I just learned from @bgamari of a new GHC bug that shows that -g can actually change the generated code and thus potentially make things slower:

that being said, I do know that currently enabling -g does change compilation
I'm pretty sure that the change doesn't compromise correctness but it's not clear to me whether it affects performance
https://ghc.haskell.org/trac/ghc/ticket/15960
I have not investigated further
but the reduction in the join point count is concerning
and I have fixed cases in the past where source notes definitely inhibited optimisation

In the face of this, I'll change this to enableDwarf = false by default until the bug is fixed upstream.
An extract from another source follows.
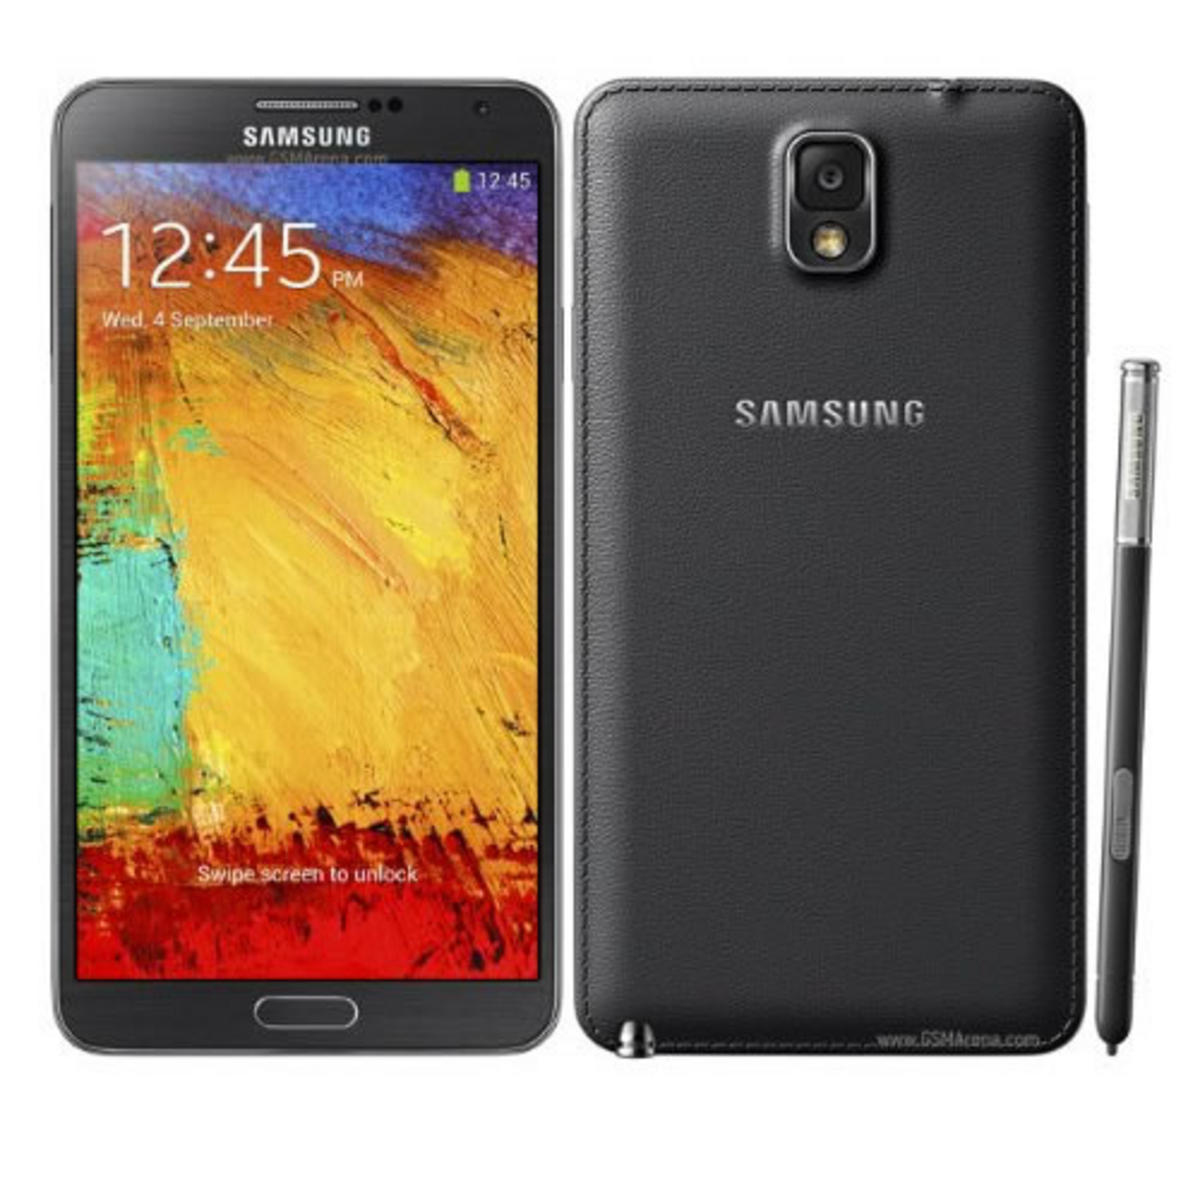 Lemcell Tutoriais Esquema Eltrico Samsung Galaxy Note 3 Sm N9005 Circuit Diagram Manual De Servio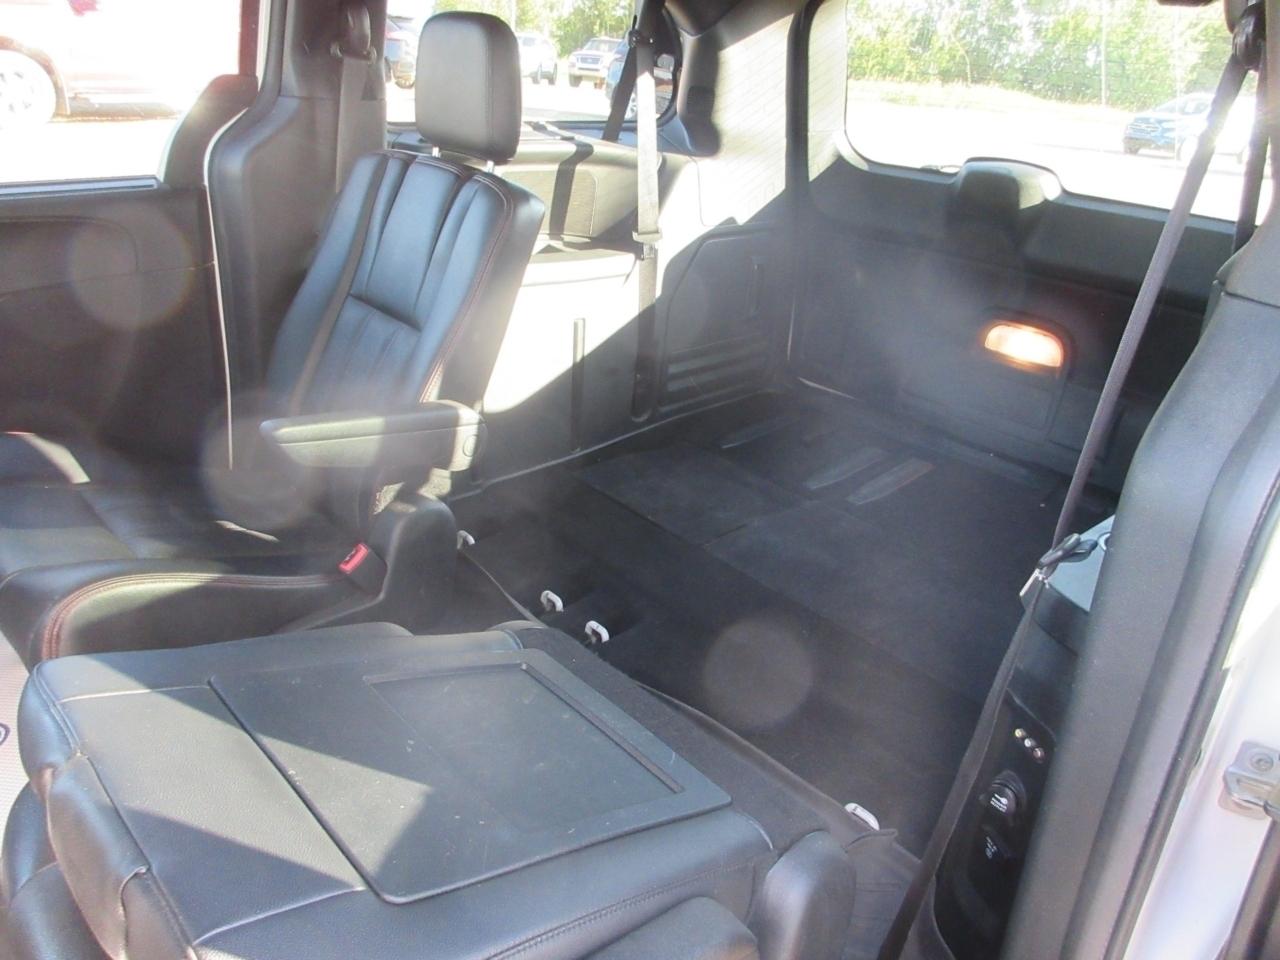 2013 Dodge Grand Caravan Wagon R/T

But I'd really like to have this built by Hydra as well.

Can anybody instruct me how to achive that?

@nh2 nh2 changed the title ghc: Add enableDwarf flag, on by default. ghc: Add enableDwarf flag, off by default. Dec 15, 2018
@nh2 nh2 force-pushed the ghc-dwarf-staging branch 2 times, most recently from 47a4d99 to 9b1b37e Compare December 16, 2018 01:32
@nh2
Copy link
Contributor Author

nh2 commented Dec 16, 2018

After having added the forgotten GhcLibHcOpts = -g3 and GhcRtsHcOpts = -g3 entries, I get this error when building GHC 8.2.2 with nix's 8.2.2-binary:

/build/ghc1518_0/ghc_4.s: Assembler messages:

/build/ghc1518_0/ghc_4.s:1719:0: error:
     Error: invalid operands (.debug_frame and .note.GNU-stack sections) for `-'
     |
1719 |         .uleb128 1f-.-1
     | ^

@nh2
Copy link
Contributor Author

nh2 commented Dec 16, 2018

I get this error

@bgamari said:

IIRC it's a binutils bug
but we worked around it in 8.4.3
indeed it looks like it's fixed upstream: https://sourceware.org/bugzilla/show_bug.cgi?id=23040
but the fix hasn't made it into a release yet

nh2:

ah. Does "worked around" mean "in the GHC tree"? If yes, I could just skip building dwarf for 8.2.2

@bgamari:

yes
as of 8.4.3 we produce assembler that binutils will accept despite the bug

I think the issue is https://ghc.haskell.org/trac/ghc/ticket/15068

@nh2
Copy link
Contributor Author

nh2 commented Dec 16, 2018

Hmm, I got the assembler error even when building /nix/store/62qbyv9d40kzaz6mn9v28q5l7m35gng5-ghc-8.5.20180118.drv.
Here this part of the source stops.